The importance of healthcare professionals to share data is rising but so does the need for appropriate cyber security. Matt Lock, technical director at Varonis explores the security issues that must be considered as a priority.

The ability for healthcare professionals to share data, at scale, to advance cutting-edge medical research, has never been more important. The quicker, easier and more cost effectively this access can be given, the better. In this vein, the NHS is creating seven new “data hubs” of patient information that can be accessed by researchers around the world in the hope of finding cures for deadly diseases and ailments.

While this data might be a treasure trove for those doing medical research, it is also one for unscrupulous cybercriminals wanting to use the data for their own nefarious purposes. These data hubs also raise privacy concerns around patients’ data, particularly in relation to the GDPR.

The data hubs have been created by Health Data Research (HDR) UK, which is a collaboration between 10 different organisations including the National Institute for Health. Each of the seven hubs will contain information about different illnesses and conditions. For example, DATA-CAN will give cancer researchers access to information of those who have been treated for cancer. Up to 120 different research groups, such as Cancer Research UK and several universities, will have access to relevant patient data for the area they are studying.

Given that this is the most sensitive of information about millions of people in the UK and will be accessed by potentially thousands of different researchers, there are a number of security issues that must be considered as a priority.


HDR has assured patients that all data will be anonymised. Personally identifiable information, such as name, patient number and address, will be removed before the data enters the hub to minimise the risks associated with identifiable data. The thinking is that anonymised data, in the event of a breach, will be of no use to cybercriminals. Anonymising data means the hubs will not fall under the jurisdiction of the GDPR, as anonymised data is exempt.

However, resourceful threat actors can potentially de-anonymise the data by cross-referencing different sets of information, as a study by Belgium’s Université Catholique de Louvain (UCLouvain) and Imperial College discovered. As such, any organisation wishing to share personal data cannot rely upon anonymisation in isolation to protect the identities of those whose medical records are added to the data hubs. Those handling anonymised data should therefore use the same controls as they would if the information was identifiable.

Ensuring healthy access

One of the most important measures any organisation can take to reduce their risk profile is to place controls around data access. If there is unrestricted access to the data, it will be much easier for a threat actor to steal sensitive information without having to escalate their access permissions.

Clearly, checks and measures need to be in place to ensure that only those required to use the data specifically for research have access. A policy of “least privilege” should be introduced, where users can only access that information required for their role. In the case of medical research this should be based upon data sets relating to specific indicators, such as type of cancer, demographics or type of treatment.  Such access must be controlled through the use of credentials, such as a username and password, along with another form of authentication, for example a code sent via text message.

It is worth bearing in mind that this data is going to be used by potentially thousands of researchers across many different institutions, which will each use different systems and processes for data handling. Therefore, those running the data hubs must perform due diligence and make sure anyone accessing the information is trained to minimise the risks of a data breach. This includes basic best practices, from knowing how to spot a phishing scam and good password hygiene, to keeping credentials private and leaving workstations locked when not in use

To this end, passwords should be set centrally to expire after a certain period of time.

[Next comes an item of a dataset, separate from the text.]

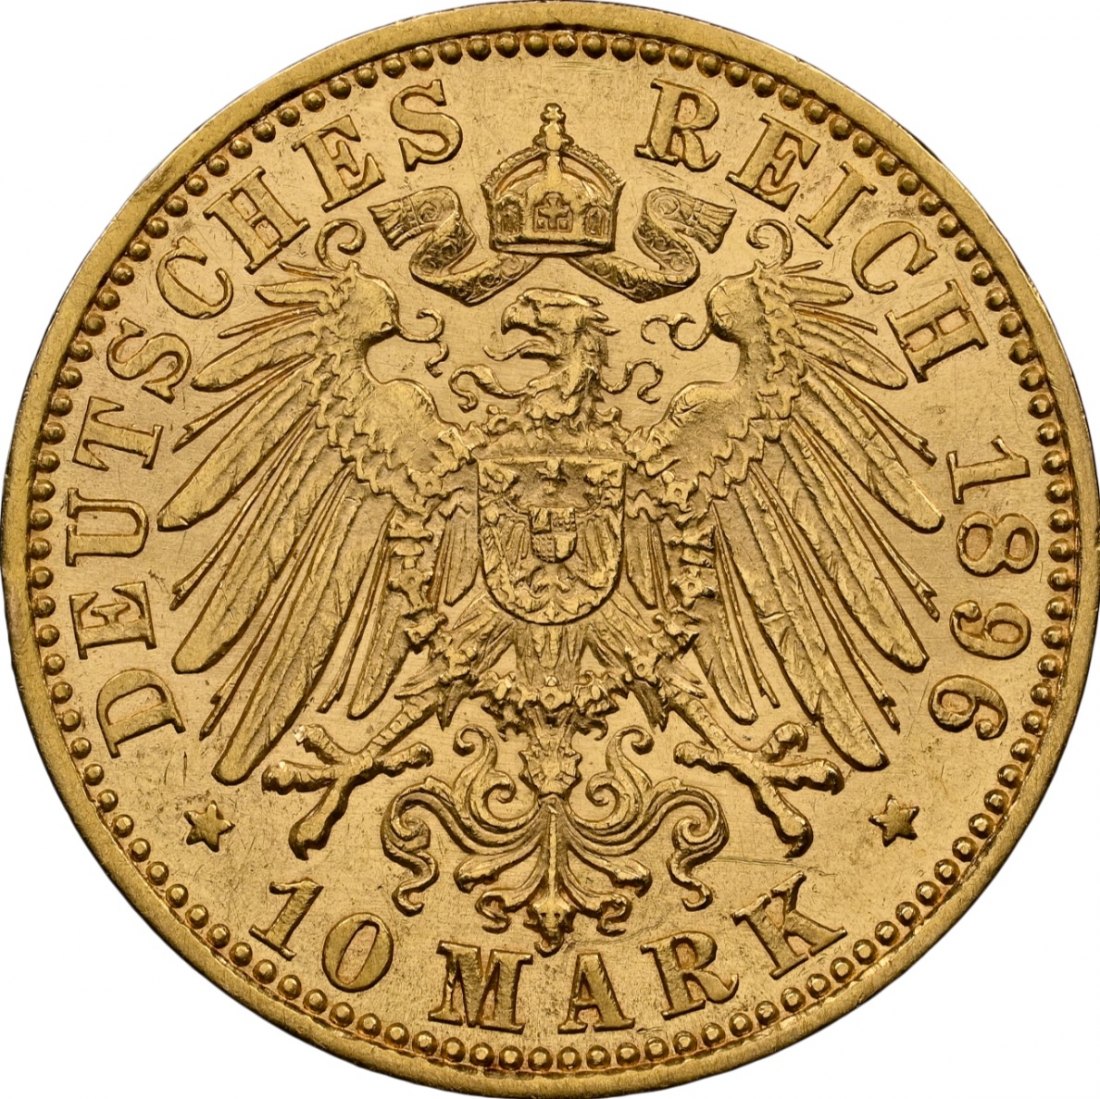  Deutsches Reich Hessen 10 Mark 1896 | NGC OBV Cleaned | Ernst Ludwig   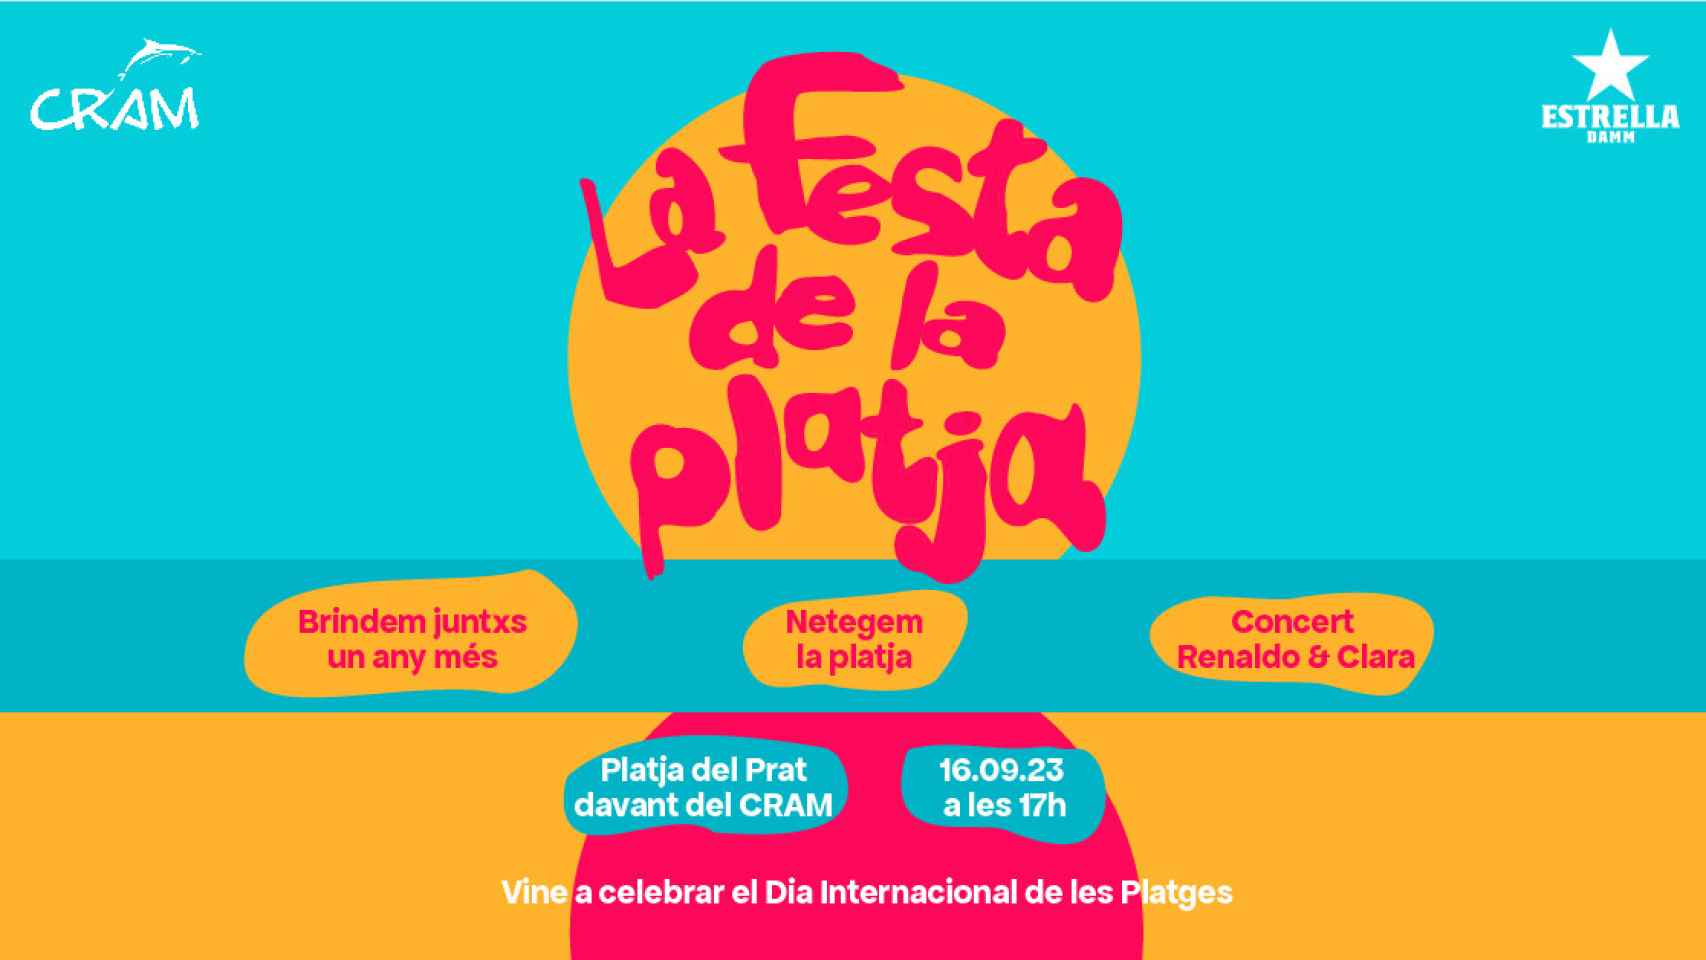 Cartel de la 'Festa de la Platja' organizada por Estrella Damm y la Fundación CRAM

This encourages users to change their passwords regularly to mitigate the risk of them being used in the long term if stolen by threat actors. It also means that former employees will soon be denied access in the event that an administrator neglects to remove their permissions. However, a surprising amount of organisations do not do this, as research from Varonis showed that out of 758 businesses, 38 percent of users had passwords that never expired.

Creating extra-long passwords should also be a common practice, as each character added exponentially increases the complexity of the password making it more difficult to crack. For instance, the number of different combinations necessary to crack a six-character password is 200 billion. However, a password of 14 characters offers 17 septillion combinations, which would take more than a lifetime to hack through brute force.

A prescription for data security

Controlling access to sensitive medical information, whether anonymised or not, should be the top priority for those administering any patient data sharing initiative. In this way, researchers can be sure to protect the data of patients while also finding treatments to protect them from the ravages of disease.